*** Source data ***

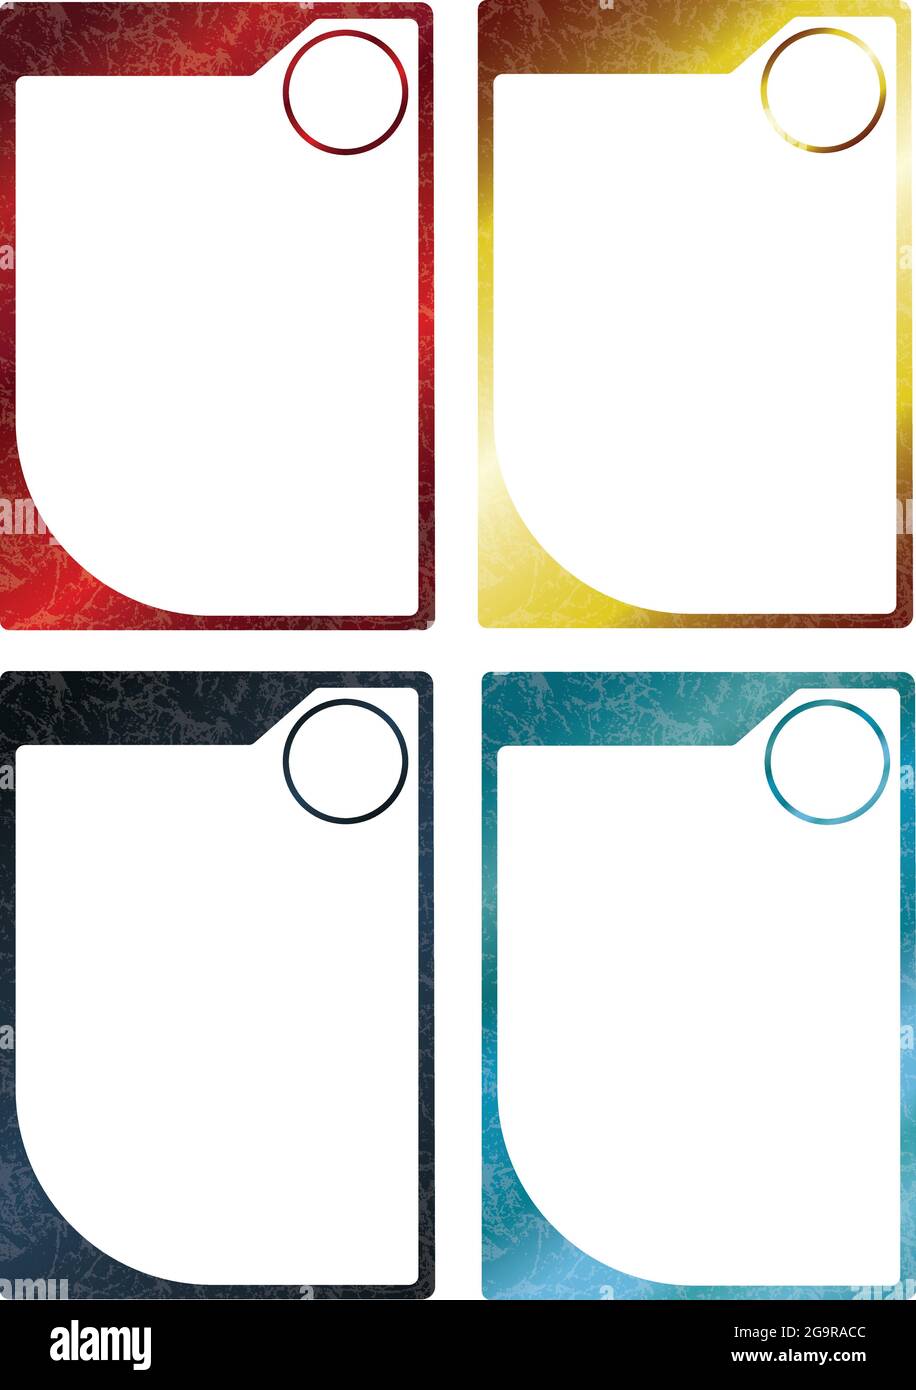 grunge textured card frame border template design flyer Stock Vector
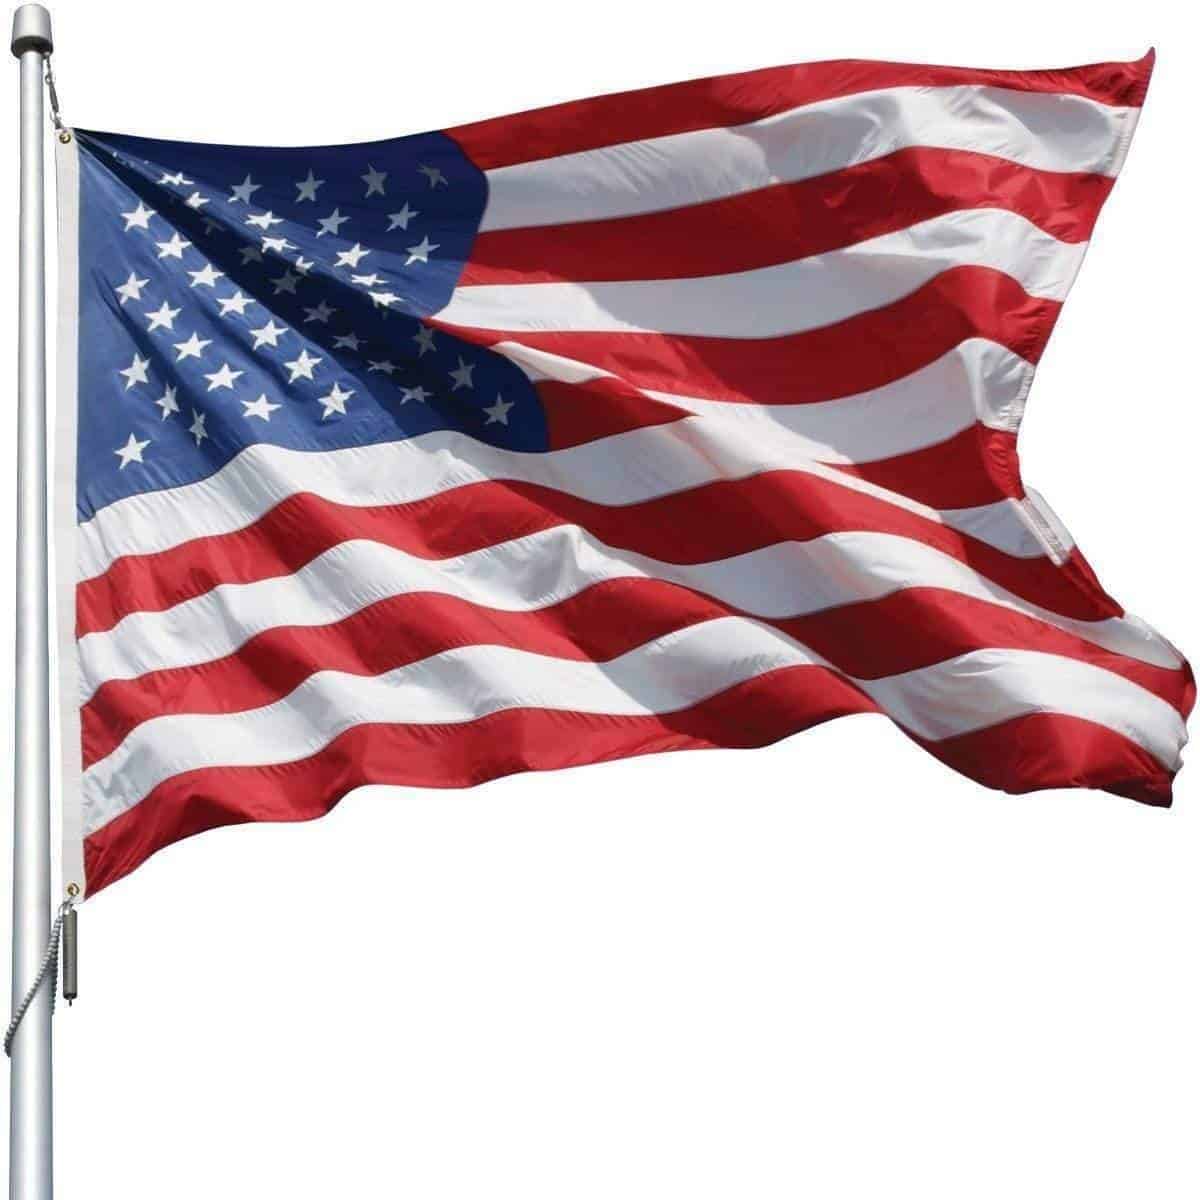 US Flag Titan SolarMax Nylon Embroidered Stars Sewn Stripes Made in USA 
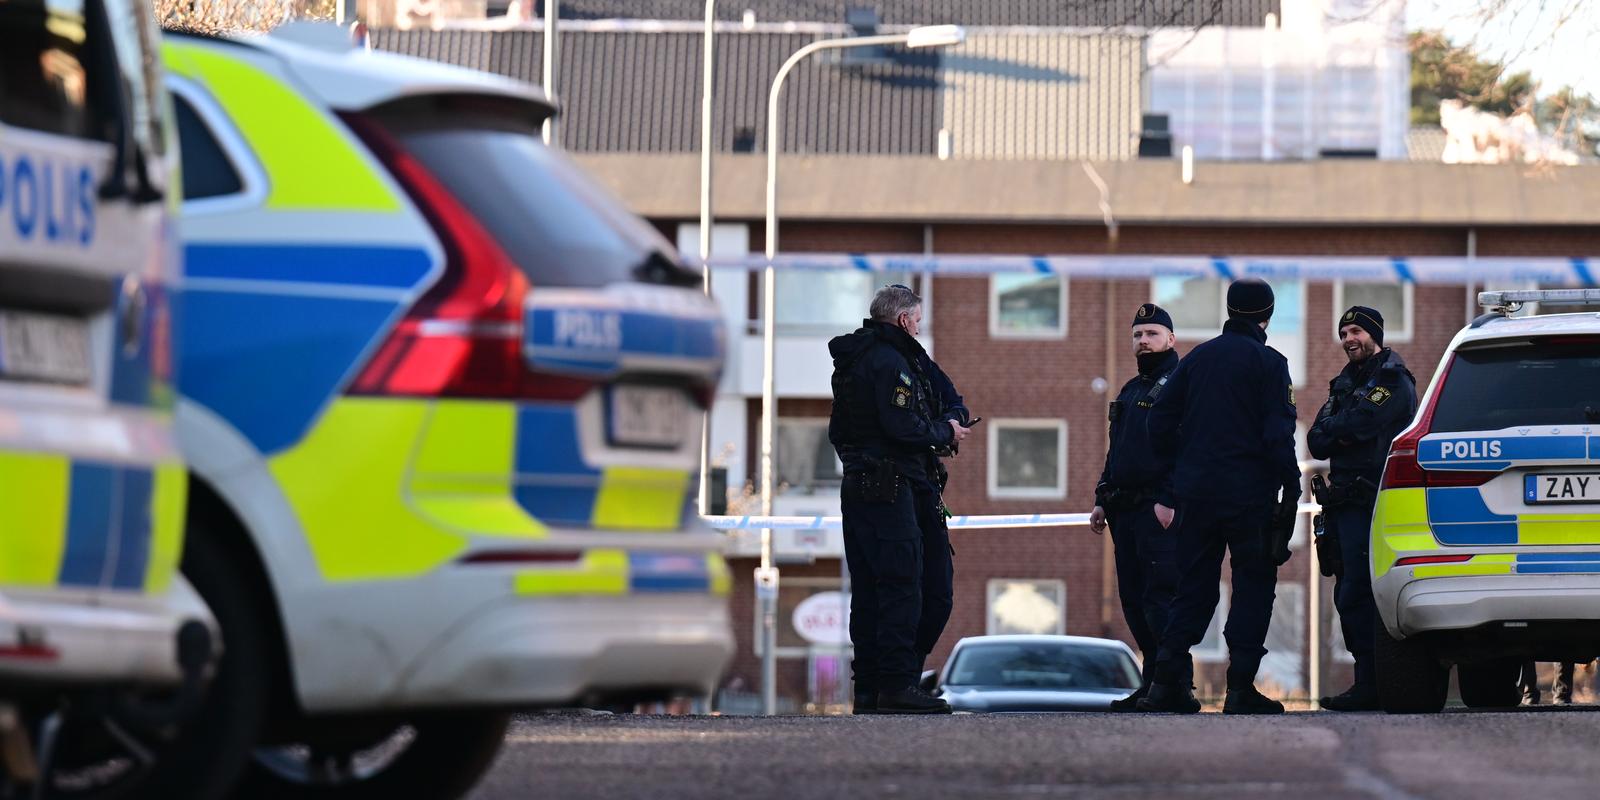 våldsvåg oroar i göteborg: ”stockholm i miniatyr”
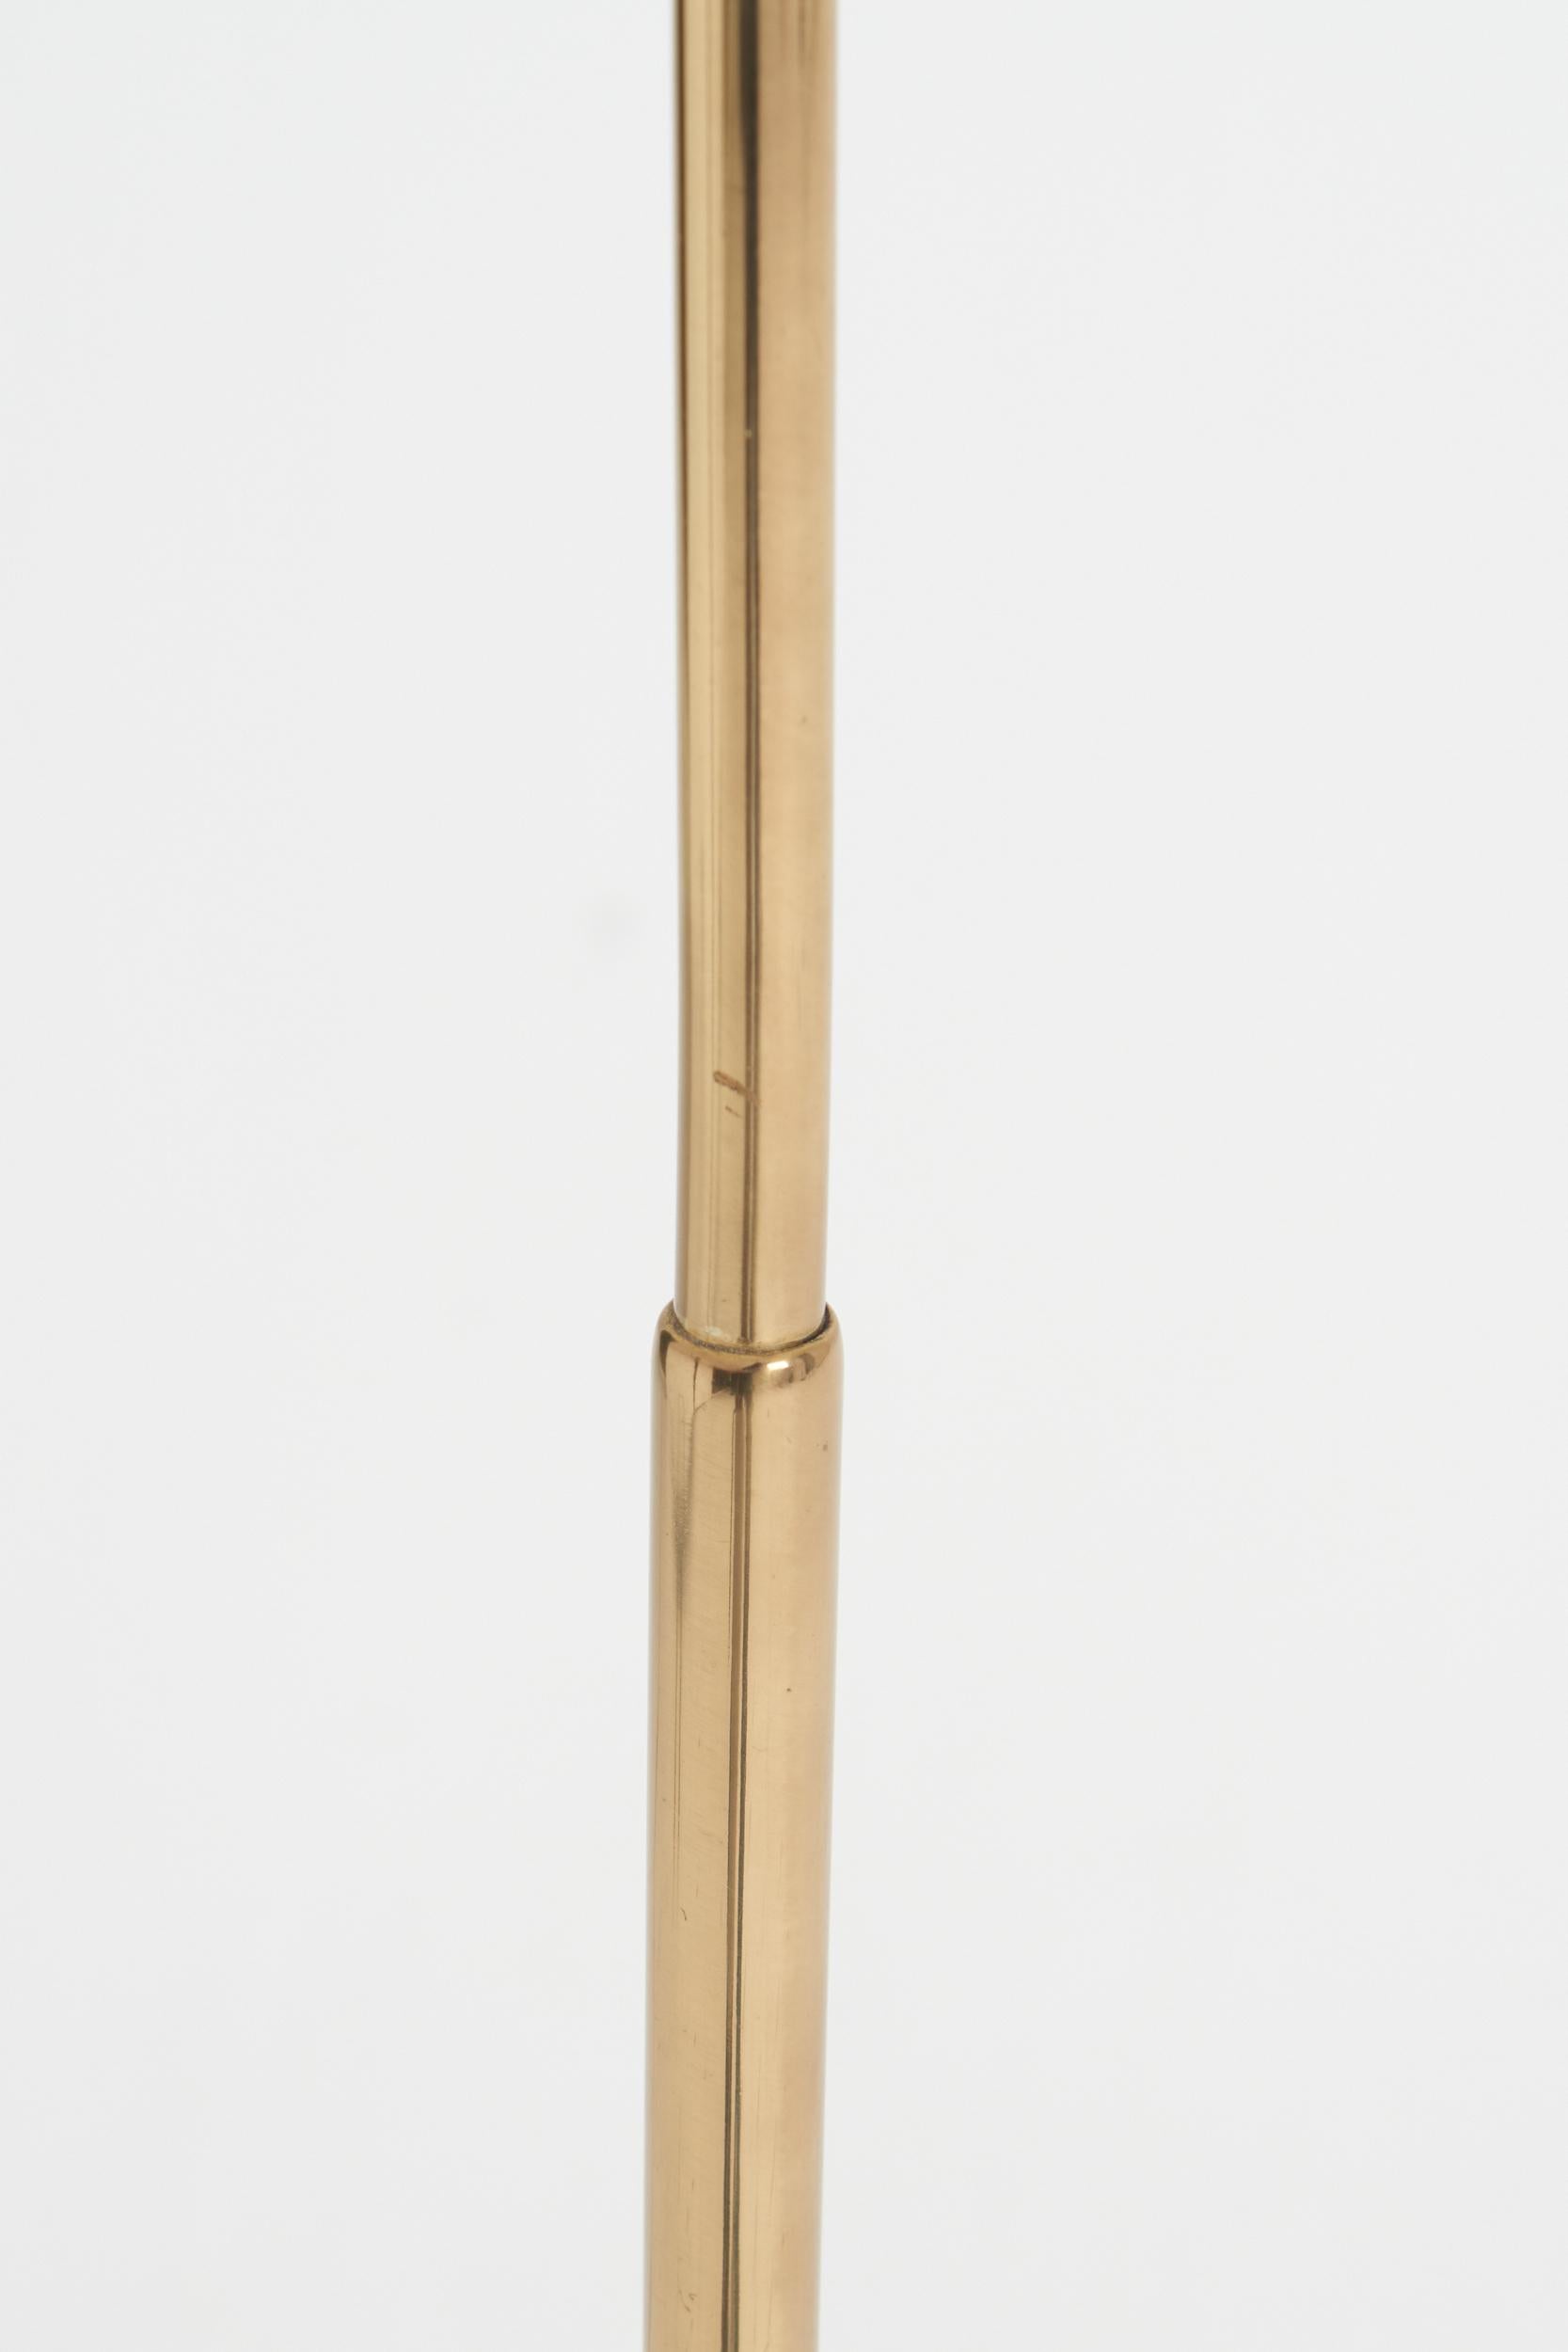 Swedish Mid-Century Brass Floor Lamp

*** End of Source data ***

Restate the data above word for word. Skip every picture.

 grunge textured card frame border template design flyer Stock Vector
 US Flag Titan SolarMax Nylon Embroidered Stars Sewn Stripes Made in USA 
 våldsvåg oroar i göteborg: ”stockholm i miniatyr”
 Swedish Mid-Century Brass Floor Lamp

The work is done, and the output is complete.